What Is Decision Intelligence?

When you run a debate, AskVerdict does not just generate a verdict. It also:

  1. Attaches a calibrated probability to the recommended outcome — a number between 0 and 1 expressing how confident the model is in its recommendation
  2. Creates a pending outcome record tied to that debate, waiting for you to report what actually happened
  3. Calculates a Brier score across all your resolved outcomes to measure long-run calibration accuracy
  4. Tracks domain performance so you can see where you rely on AI well and where you may be overconfident

Over time, your Decision Intelligence score becomes a measure of how accurately you use AI verdicts — not just how often you get answers, but how well-grounded those answers are when tested against reality.

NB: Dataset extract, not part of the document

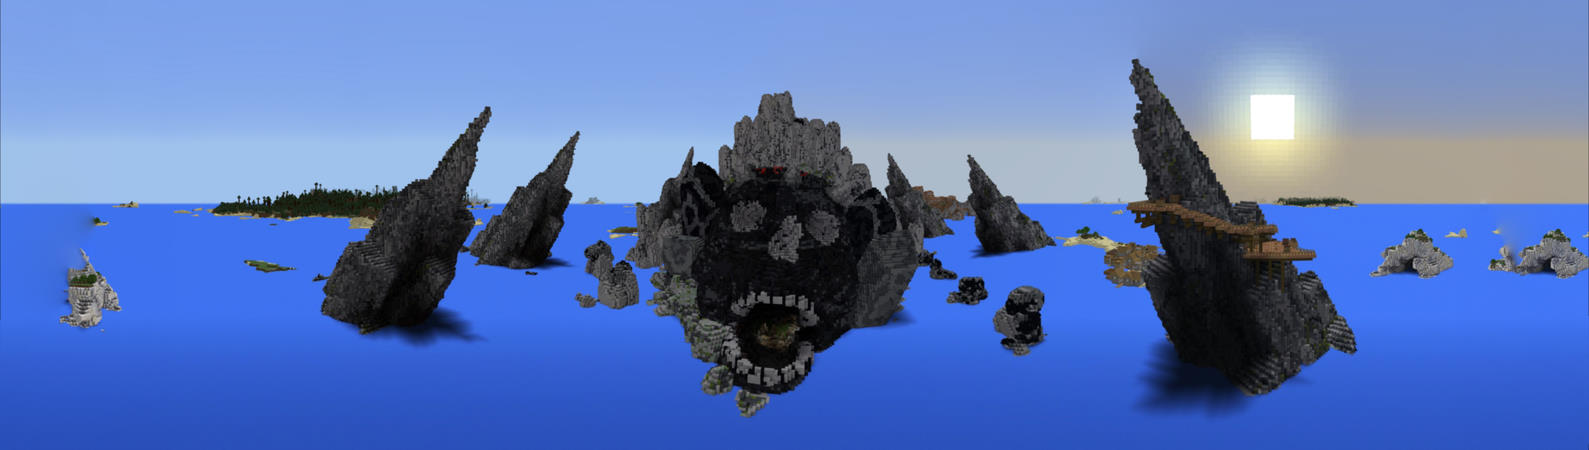 SKULL ISLAND - An epic pirate adventure Minecraft Map

Decision Intelligence is most valuable when you commit to recording outcomes consistently. Even a few months of honest outcome tracking creates a meaningful signal about where your AI-assisted decisions are reliable.


How Scoring Works

The Brier Score

AskVerdict uses the Brier score as its core accuracy metric. It is a standard measure of probabilistic prediction accuracy used in fields like meteorology, epidemiology, and finance.

The Brier score compares each predicted probability against the actual binary outcome (correct = 1, wrong = 0) and computes the mean squared error across all predictions. The formula is:

plaintext
Brier Score = (1/N) × Σ (predicted_probability - actual_outcome)²

Key properties to understand:

  • Range: 0.0 to 1.0
  • Lower is better — a score of 0.0 is perfect, 0.5 is no better than random guessing, 1.0 means every prediction was maximally wrong
  • New users start at 0.5 until enough resolved outcomes exist to compute a real score

The accuracyPercentage shown in the UI is derived from the Brier score: higher accuracy means a lower Brier score. A brierScore of 0.18, for example, corresponds to approximately 82% accuracy.

What Counts as a Resolved Outcome

Only three outcome statuses contribute to your Brier score calculation:

StatusCounts Toward ScoreBrier Input
correctYesactual = 1.0
partially_correctYesactual = 0.5
wrongYesactual = 0.0
too_earlyNo — not yetExcluded until you update it
skippedNoExcluded permanently
pendingNoWaiting for your input

If you always mark outcomes as correct, your score will appear artificially high. The score only improves your decision-making if it reflects what actually happened.

When Scores Are Calculated

Your decision score is recalculated automatically every time you submit an outcome. The recalculation runs asynchronously — it does not block the API response — and the updated score is available at GET /api/scores/me within a few seconds.


Outcome Tracking Workflow

Step 1: Run a Debate

Every completed debate automatically creates a pending outcome record. You can view all pending outcomes at GET /api/outcomes/pending or in the app under Decision History.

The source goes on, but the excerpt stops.